Chapter 18: Memory Allocators

Part V: Parallelism & Low-Level Optimization

"Memory allocation is the dark matter of performance." — Anonymous

The malloc That Wasn't Free

A high-frequency trading firm was debugging mysterious latency spikes. Their code was tight—no unnecessary copies, no blocking I/O, carefully tuned algorithms. Yet every few seconds, a trade would take 10x longer than expected.

The culprit: malloc. Under heavy allocation load, the default glibc allocator would occasionally need to request memory from the kernel via mmap, causing a 50-100 μs stall. In a system where microseconds mattered, this was catastrophic.

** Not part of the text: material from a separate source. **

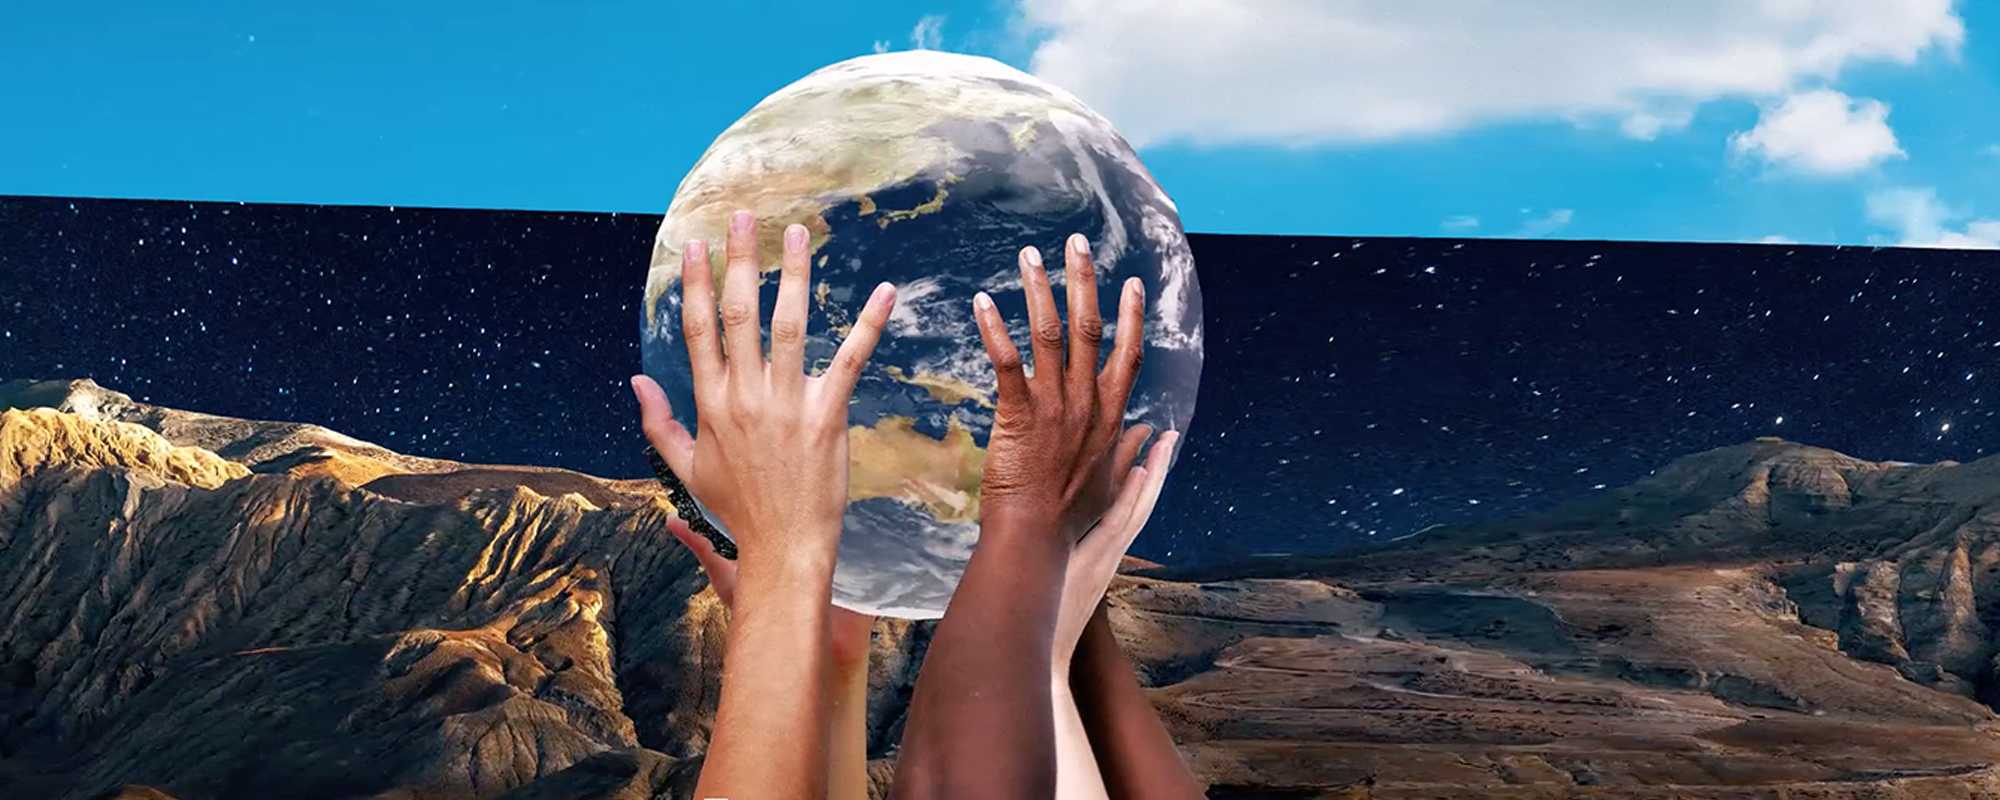 Image shows four human hands, all with different skin colours,  supporting a beach ball-sized globe. This is overlaid onto a composite background of blue sky, starry night sky, and dramatic mountains.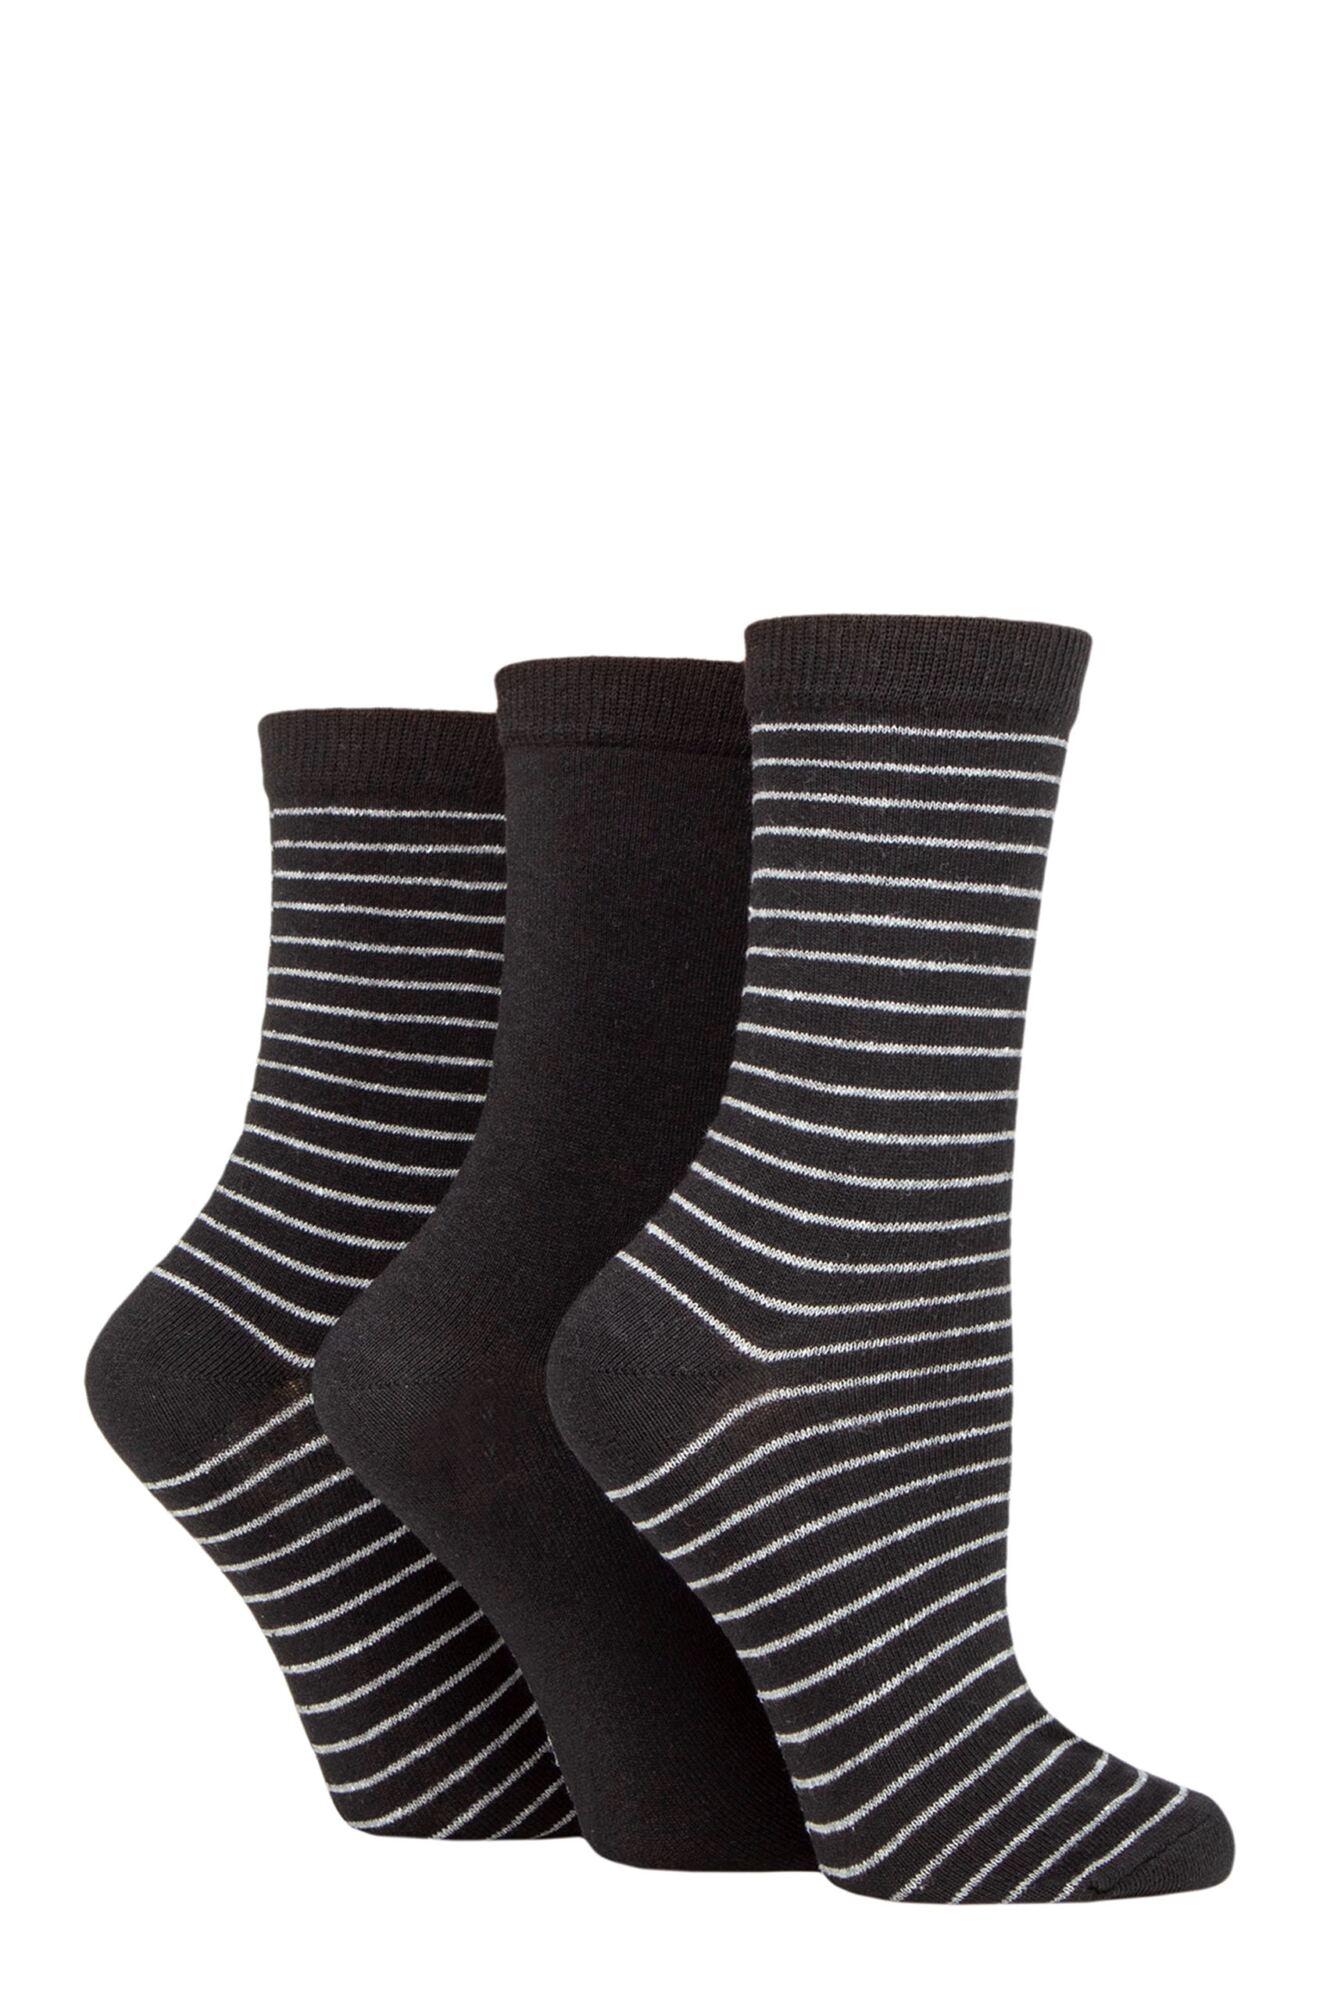 TORE 3Pk 100% Recycled Cotton Striped Socks-Womens 4-8

Switching to jemalloc with pre-warmed arenas eliminated the spikes entirely. The fastest allocation is the one you don't make—but when you must allocate, the allocator matters enormously.

How malloc Works

The Allocation Problem

Memory allocation seems simple: give me N bytes, return a pointer. But the allocator must solve several hard problems:

Speed: Allocation should be O(1) or close to it
Fragmentation: Avoid wasting memory on gaps
Thread safety: Multiple threads allocating simultaneously
Cache efficiency: Keep related allocations together

Traditional malloc (glibc ptmalloc2)

Heap Structure:
┌─────────────────────────────────────────────────┐
│ Chunk │ Chunk │ Free │ Chunk │ Free │ Chunk │...│
│  16B  │  32B  │ 64B  │ 128B  │ 48B  │  24B  │   │
└─────────────────────────────────────────────────┘
         ↑
    Free list links free chunks together

Free list: Freed memory is linked together. Allocation searches for a suitable chunk.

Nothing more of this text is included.